In 2002, when Kurdish forces captured 16 al-Qaeda men crossing the border from Iran, the Kurds convinced only three publications (The New Yorker, The Christian Science Monitor, and WORLD) to send reporters to investigate their stories and failed to persuade the CIA to interview the detainees. One of them, Iraqi Haqi Ismail, was trained in Afghan camps, he told WORLD, after he was recruited by "a man named Ahmed Fadil Khalaylah," likely the then-unknown Zarqawi.
More terror links are surfacing elsewhere. Iraqi documents obtained by The Weekly Standard this month show Saddam supporting Abu Sayyaf, the Philippine al-Qaeda affiliate, and its leaders consulting in Manila with Iraqi diplomats during the 2002 kidnapping of U.S. missionaries Martin and Gracie Burnham.

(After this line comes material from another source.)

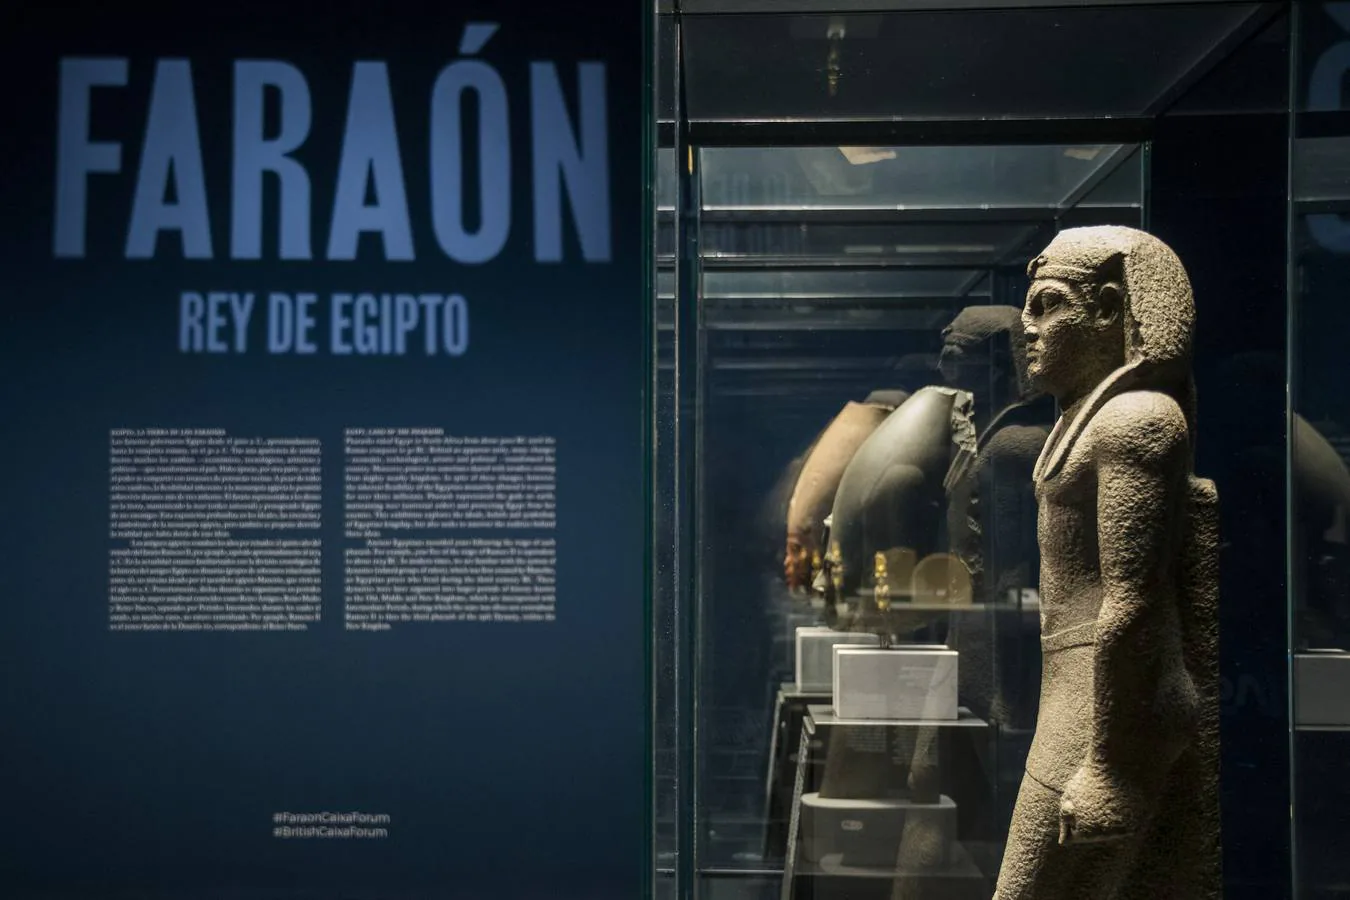 Los faraones del antiguo Egipto llegan a Sevilla
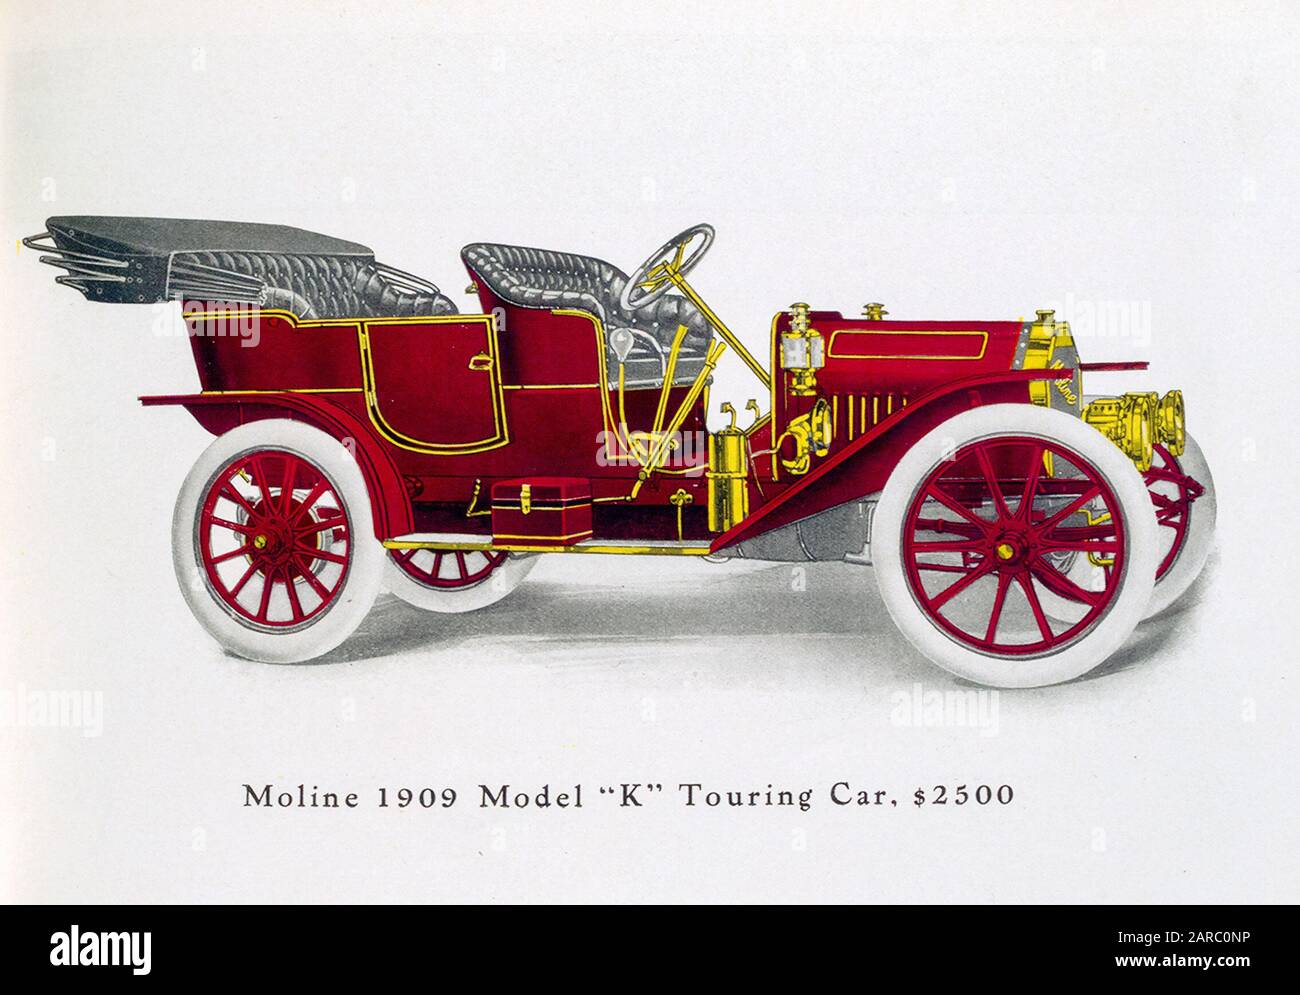 Vintage Car, Moline Model K Touring Car, $2500, illustration 1909 Stock Photo

These and other disclosures, made earlier, could help U.S. forces fighting in Iraq and Afghanistan. Even now, admits Jamal Ware, spokesman for House Intelligence Committee chairman Hoekstra, "We have no idea what's in these boxes." Whether so many files contain actionable intelligence on Mr. Zarqawi, other terrorists, or on the hunt for weapons of mass destruction will remain a mystery until more pages are cleared and released. "Historically the public would never have a chance to see this information. You would need a security clearance," said Mr. Ware. But you don't need a security clearance, according to Mr. Tierney, to read the lessons leading up to the Iraq war.
"Once you go to war, fight the war. It should not be something you want to manage for the next three decades," he said. "When you look at the documents and translations of meetings, you see that the UN template on conflict management does not work. It leads to a pit of all kinds of complicity. It's like giving your enemies the tape to bind you with."